Get Growing: 7 Ways To Gain Weight For The Hardgainer

Gaining weight can be incredibly difficult and stressful for certain people. For these folks, commonly called “hardgainers,” adding even a little size can seem like a monumental task. Personally, I’m skeptical about the extent of this difficulty. From my time in the military to setting recent personal powerlifting goals, I’ve had my fair share of experiences gaining healthy weight.

At my lowest weight of 173 in the military, I had the energy of a bull and personal bests that included a 435-pound deadlift, a 315-pound squat, and a 285-pound bench press. Later, when I flew up to 230 pounds, these same lifts shot up over one hundred pounds apiece, and I still boast a better-than-average work capacity.

Over the years, I’ve learned that tackling any goal comes down to being honest, acknowledging how much work it will take, and pushing through that work. If you’re a hardgainer who wants to gain weight, you probably won’t feel hungry all the time, but you’ll still have to eat. If you really want to grow, you need to silence your fears of getting fat, of your performance suffering, and of eating 100 percent clean.

“Gaining weight can be difficult and stressful. With proper training and willingness to do the work, you can build quality muscle and add healthy size.”

I don’t care how hard it is for you to gain weight. With proper training and willingness to do the work, you can build quality muscle and add healthy size. Do you have the courage to actually step outside your comfort zone and get something done? If you want to grow, start with these seven tips!

1 Use data over guesswork

The guessing game and going by “feel” never give you an accurate picture of what you eat on a daily basis. So do the math and figure it out!

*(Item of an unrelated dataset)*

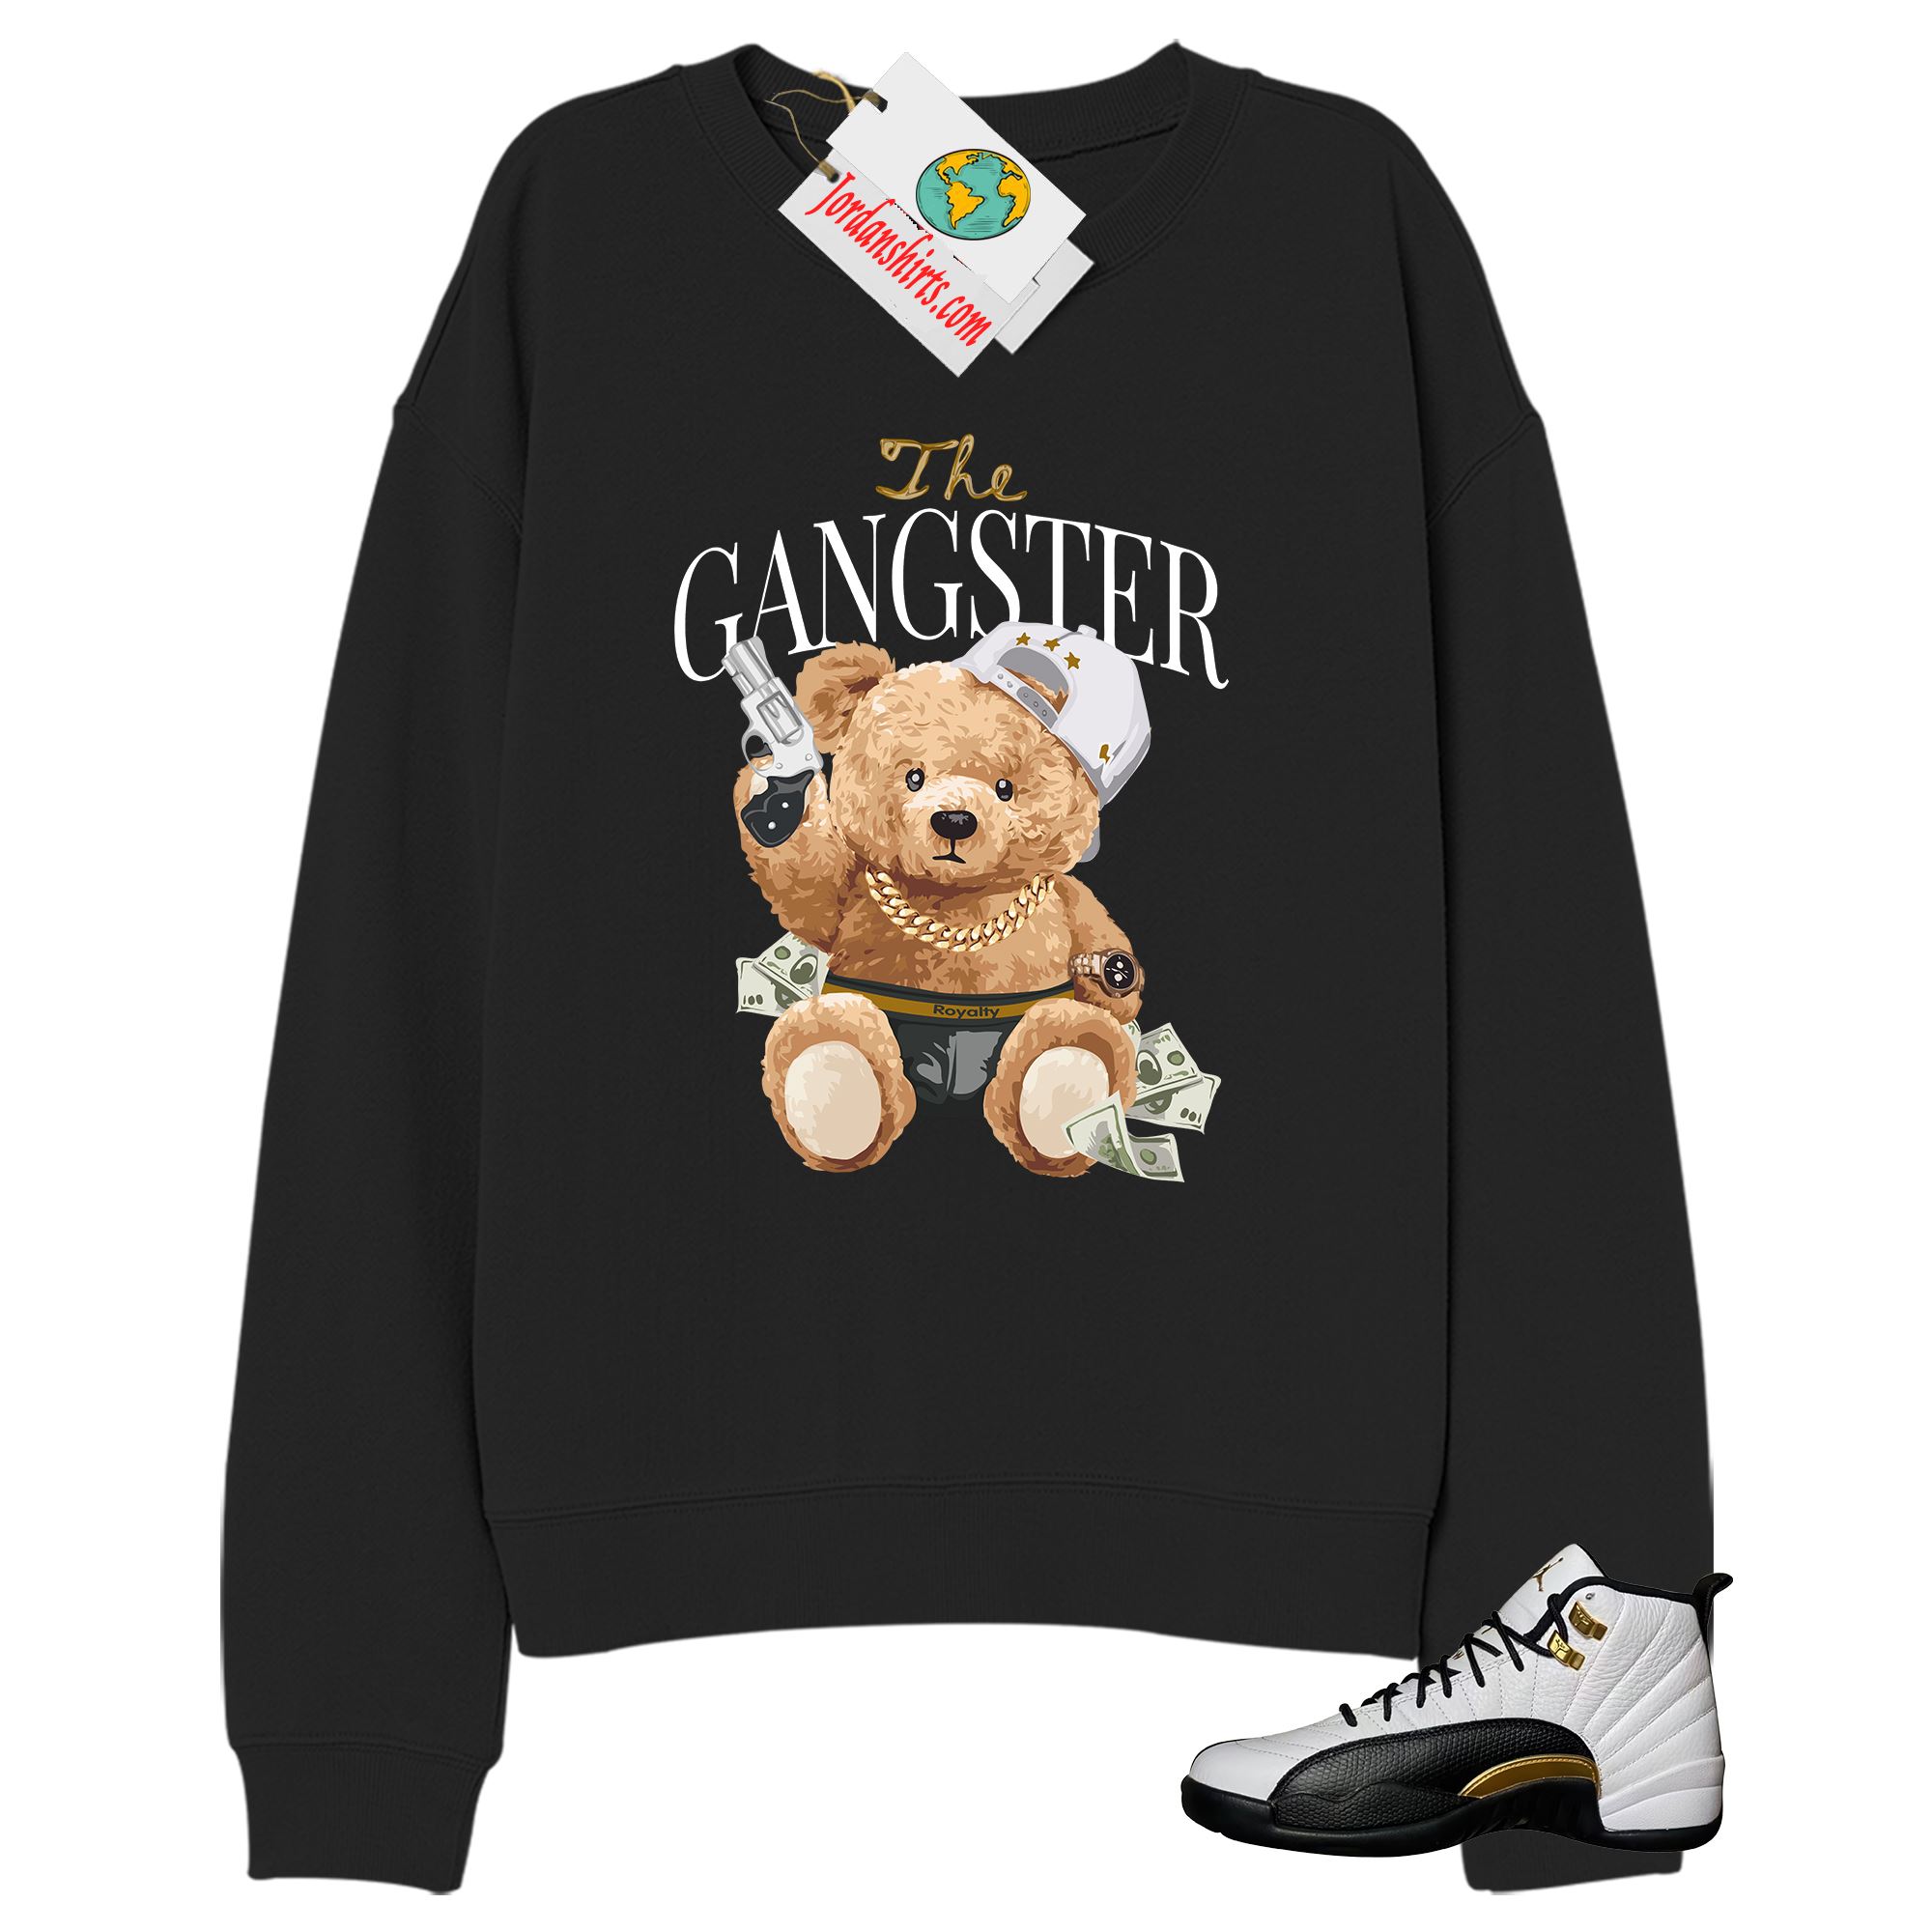 Jordan 12 Sweatshirt, Teddy Bear The Gangster Black Sweatshirt Air Jordan 12 Royalty 12s Plus Size Up To 5xl

Write down your daily diet in a notebook or food-tracking mobile app, crunch the numbers, and seek help if you need additional eyes. You may be surprised by what you find. Perhaps you thought you ate 3,300 calories one day when, in fact, you ate only 2,900. That’s a 400-calorie difference that can add up overtime.

“Write down your daily diet in a notebook or food-tracking mobile app, crunch the numbers, and seek help if you need additional eyes.”

Often, you just need something as visual as a food log for a couple weeks to fully grasp what you put into your diet—or not, in many cases.

Action point: Spend at least one month writing down your meals, snacks, and calories of any form that touch your lips. This serves as a mental exercise to get yourself used to eyeballing portion sizes and grasping the frequency and size of the meals you can consistently suck in on a daily basis.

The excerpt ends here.